Sunday, September 27, 2009

Day 2: Touring Kathmandu - Pashupatinath

After leaving the Boudhanath Buddhist temple, we boarded our touring van and went to the Pashupatinath Hindu temple.

Pashupatinath Temple, Kathmandu, Nepal
Pashupatinath Temple, Kathmandu, Nepal


A UNESCO World Heritage site, Pashupatinath is a large Hindu temple situated in eastern Kathmandu on the banks of the river Bagmati. Prior to entering the main temple, we toured the temple located across the river up on a hill overlooking Pashupatinath. The temple was referred to only as the "Monkey Temple," and the name was quite apt. The temple was surrounded by a forest that contained many free ranging monkeys as well as a central enclosure that housed many head of deer. The temple complex consisted of a large courtyard that housed the inner sanctum of the temple. The courtyard was surrounded by other buildings associated with the temple, all centuries old.

We prepared to enter, and were all allowed in after paying the fee except our American Caucasian friend EW. Sadly, the temples restrict visitors to "true believers" unless one pays an exorbitant fee, so EW decided to explore the surrounding areas and wait for us at the exit. As we entered the inner sanctum, we were required to remove our shoes. Unfortunately, we left our socks on, which subsequently got soaked due to the mix of water and mud that surrounded the inner temple. As offerings, many people pour milk for the deities, but these offerings just drain down leading to the floor being soaked. The inner room was had a skylight lighting up the deity around which people were placing their offerings. We placed ours, and then eventually exited to reunite with EW.
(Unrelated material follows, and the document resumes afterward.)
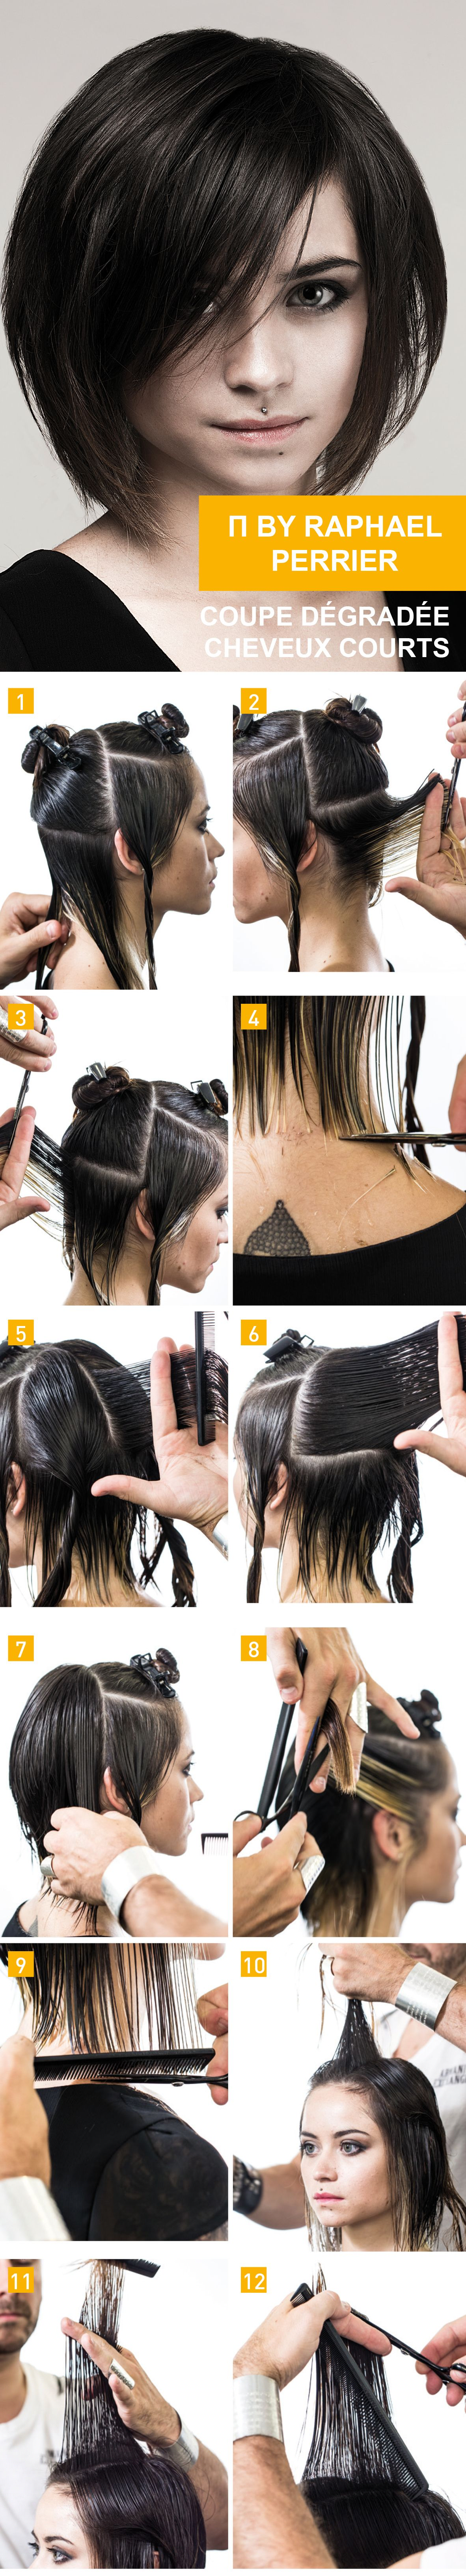 40+ Raphael coiffure inspiration

The exit actually consisted of many steep steps up to a point overlooking the main temple site. It was quite strenuous! But nothing like what awaited us in the Annapurna range itself. Seriously, after this trip, who needs things like weight loss surgery? Just go to Nepal and do the steps. We eventually came back down to the level of the river, but not before crossing between several saddhus (Hindu holy men) dressed in white. Over the years though, the true saddhus have been infiltrated by those of another sort, who prey on tourists and ask for money, hurling insults at those who do not comply.

Saddhu at Pashupatinath Temple, Kathmandu
A Saddhu At Pashupatinath (note the cigarette in his hand)

EW, unaware of this, paused to take a picture of one. The man asked for alms, and EW complied. However, the saddhu, disappointed in the amount, quickly started to hurl abuses at us, so we quickly moved on, crossing the bridge to the main Pashupatinath site.

Centuries old, the temple is made to honor the Hindu Lord Shiva. Per Wikipedia, the legend of the temple's foundation is:
Pashupatinath is the oldest Hindu temple in Kathmandu. It is not known for certain when Pashupatinath Temple was founded. But according to Nepal Mahatmaya and Himvatkhanda, [2] one day Lord Shiva grew tired of his palace atop Mt. Kailash and so went in search of a place where he could escape to. He discovered Kathmandu Valley and, without telling anyone, he ran away from his palace and came to live in the Valley. He gained great fame there as Pashupati, Lord of the Animals, before the other gods discovered his hiding place and came to fetch him. He disguised himself as a majestic deer and would not help the other gods when they asked for his help. When Shiva did not yield to their pleas, they planned to use force. God Vishnu grabbed him by his horns and they shattered into pieces. Vishnu established a temple and used the broken horns to form a linga on the bank of the Bagmati River. As time went by, the temple was buried and forgotten. Then a cow was known to have secretly sprinkled her milk over the mound. Apparently, when the cow herders dug around the spot, they found the lost lingas and again built a temple in reverence.
The temple had a similar layout to the Monkey Temple, with a large courtyard surrounding an inner temple housing the statue of the deity. However, here, the scale was simply much larger. We performed the same ritual offering and then exited. While the inner temple was peaceful enough, the exterior was a mix of crowds and squalor, a depressing site.

We had more places to see in Kathmandu on this day, but soon began to think about the peaks that teased us over the horizon.